Financial Support: National Institutes of Health (R01 EY027833, R01 EY024544, R01 EY031394, R01 EY023285, T32 EY023211, UL1TR002369, P30 EY010572); Unrestricted Departmental Funding Grant and William & Mary Greve Special Scholar Award from Research to Prevent Blindness (New York, NY); Bright Focus Foundation (G2020168).
The sponsor or funding organization had no role in the design or conduct of this research.

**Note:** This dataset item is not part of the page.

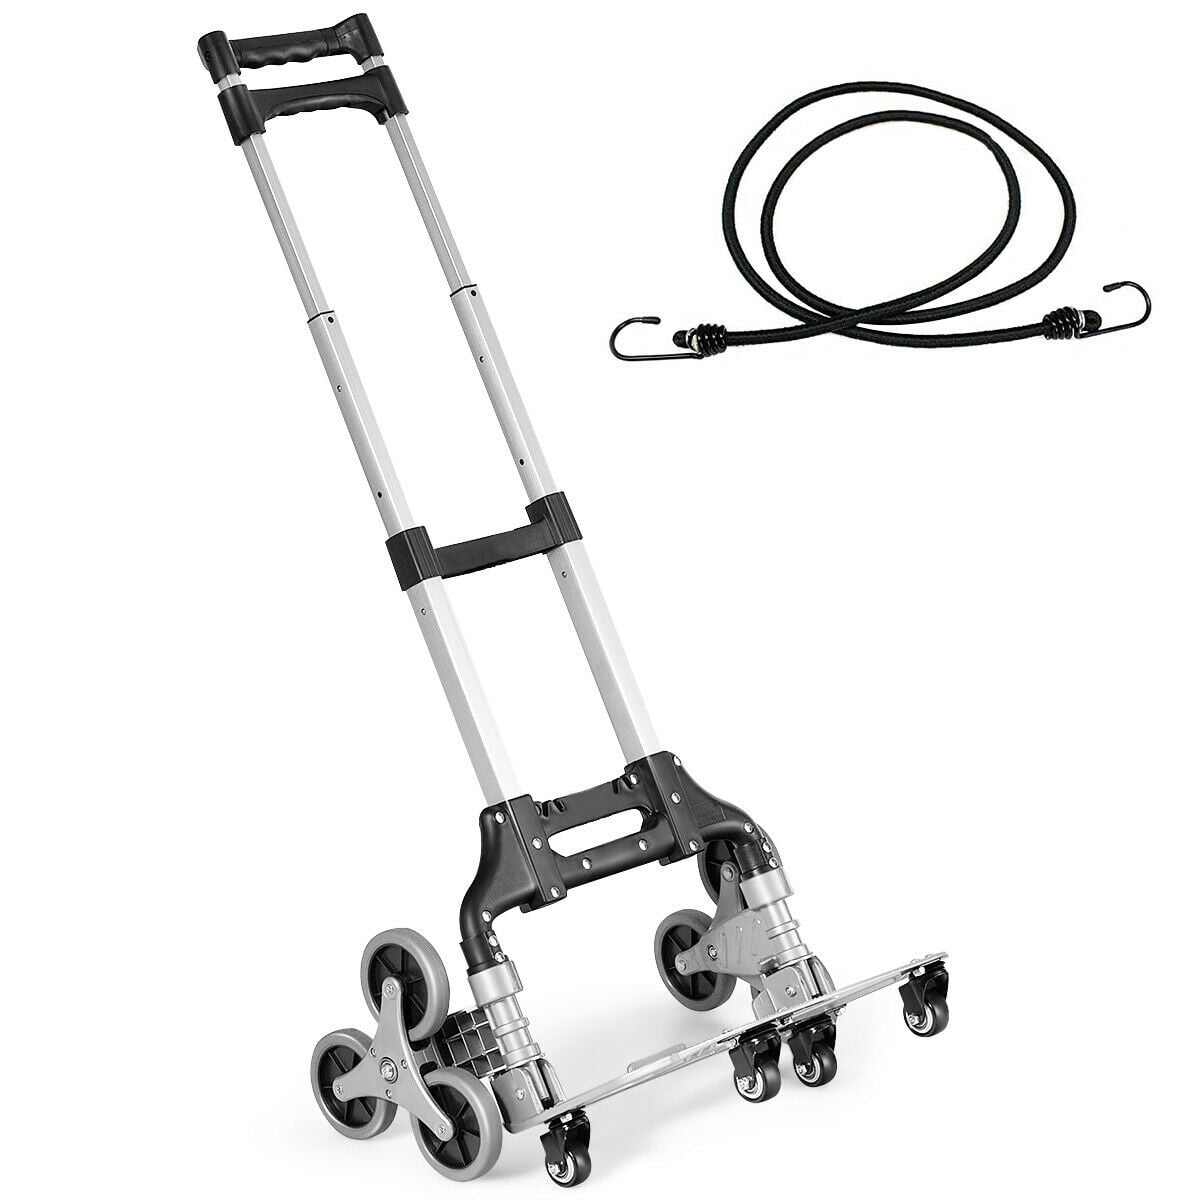 Details about   WINICE Stair Climber Truck Portable Folding Trolley Adjustable Handle Cart 170lb

Conflict of Interest: Oregon Health & Science University (OHSU), Yali Jia and David Huang have a significant financial interest in Visionix, Inc. Yali Jia has a significant financial interest in Optos, Inc. These potential conflicts of interest have been reviewed and managed by OHSU.
Address for reprints: 515 SW Campus Dr., CEI 3154, Portland, Oregon 97239-4197
We proposed a deep learning framework for the diagnosis of diabetic retinopathy, age-related macular degeneration, and glaucoma based on volumetric optical coherence tomography and its angiography. Three-dimensional class activation maps were also generated.